Eight months later, I was on the operating table. To get there, I attended hospital appointments, provided half a dozen bloodwork and urine samples, and eventually convinced my loved ones that I wasn’t crazy. Electing to have the procedure done on my birthday probably didn’t help my case.
My donation is not important because it was hard—it was easy. I have a harder time eating vegan each week. It’s not important because it was the act of a saint—like I said, it was easy, and saints do hard things. It’s important because it was necessary. If I didn’t do it, a human being would’ve died 15 years too early—and like Peter Singer so powerfully demonstrates with his parable of the drowning child, it doesn’t matter how far away the person in danger is: when inaction means death, one must act.

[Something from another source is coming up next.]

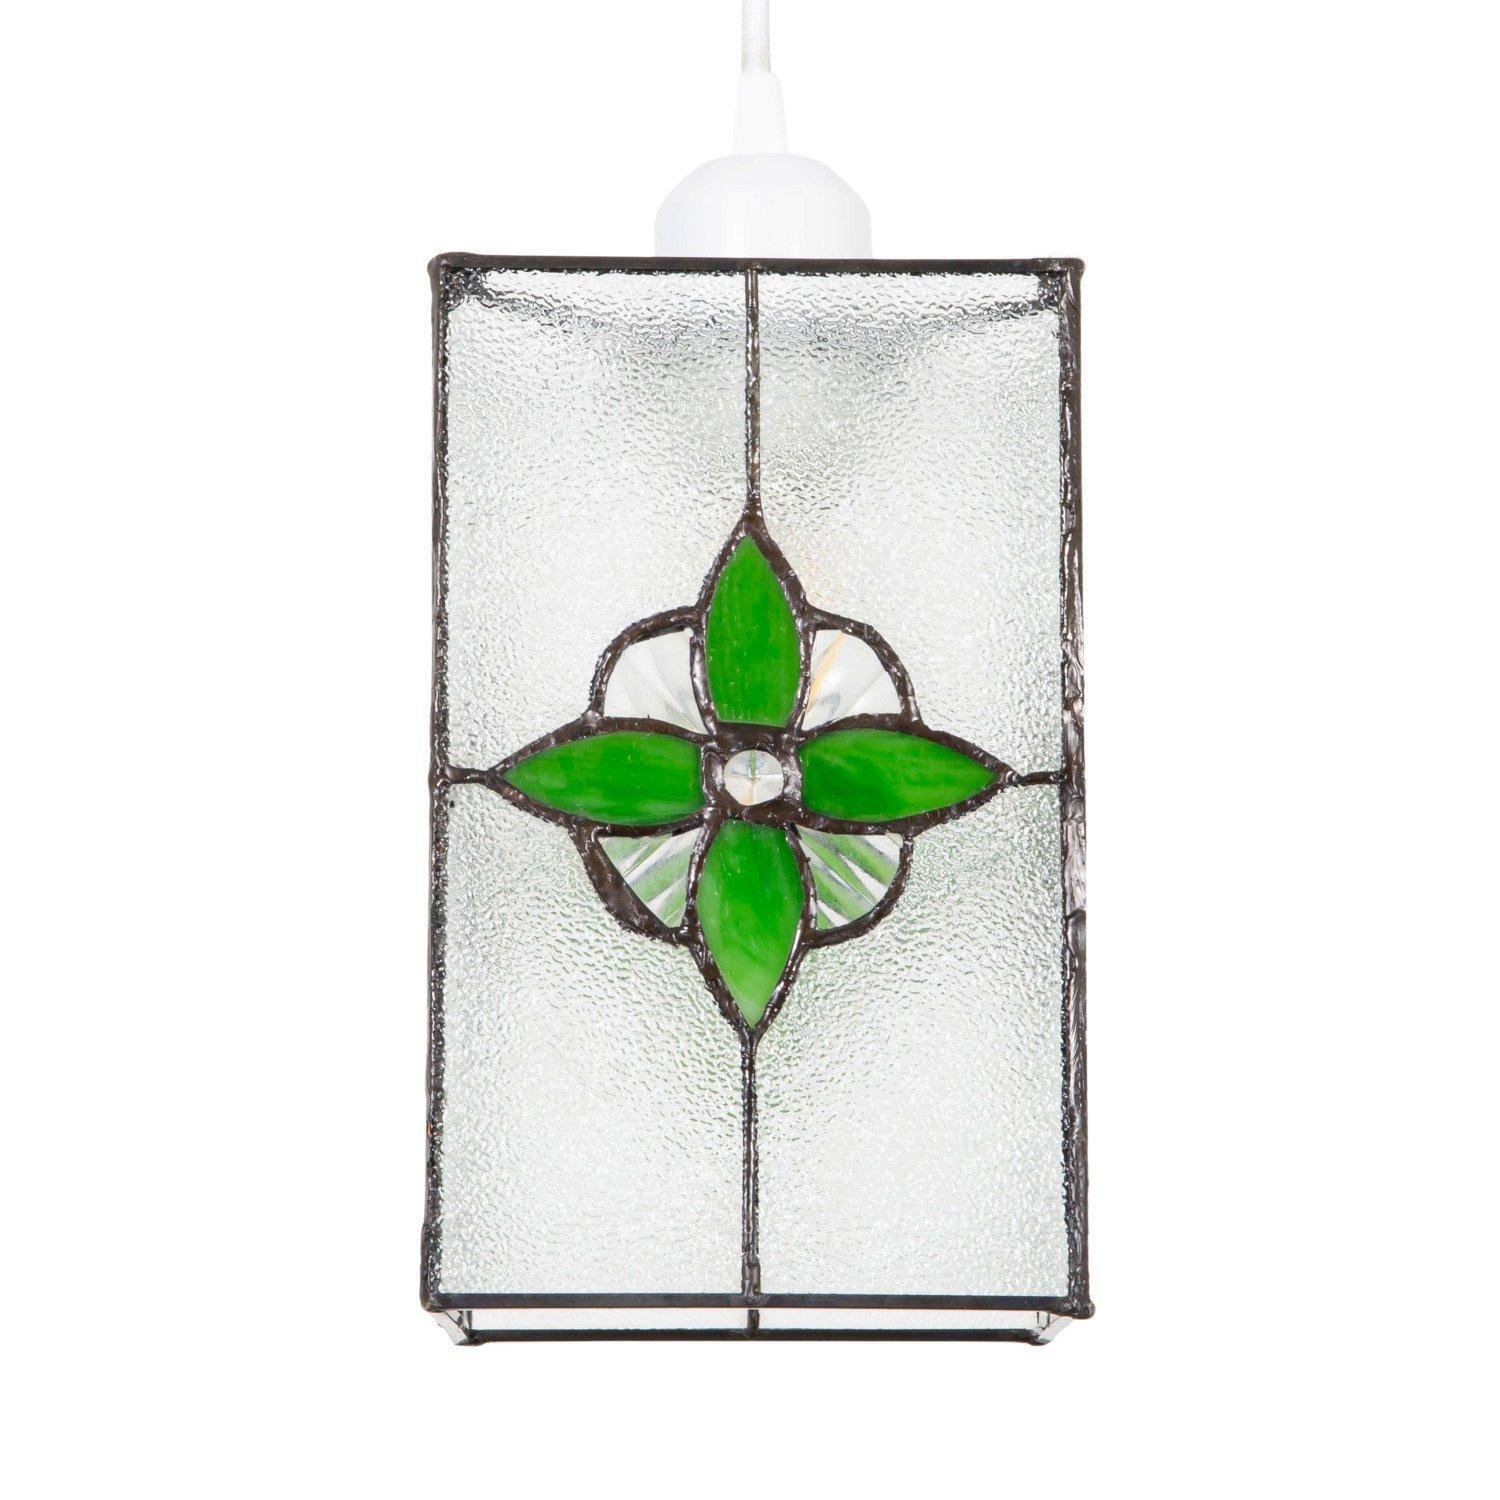 Traditional Clear Glass Tiffany Style Pendant Light Shade with Coloured Panels - image 1

My donation has profoundly shaped my self-conception. Philosopher Tobias Rees asked a question in a talk I watched recently: “What would it mean to think about oneself, experience oneself . . . in terms of the borrowed life?” My life is borrowed from my family, my community, the bacteria in my body, and the algae in the sea. Life conceptualized this way is burdened by an unpayable debt but elevated by boundless gratitude. Through my donation, I vividly experienced both.
I continue my work in this domain by educating others on kidney donation. I share my reasoning with friends. I’ve presented to coworkers about the donation process and advocated for improvements to my company’s donor leave policy. Kidney donation was one part of an ongoing effort to act in accordance with my beliefs. This is my most important work to date, and it is the work of a lifetime.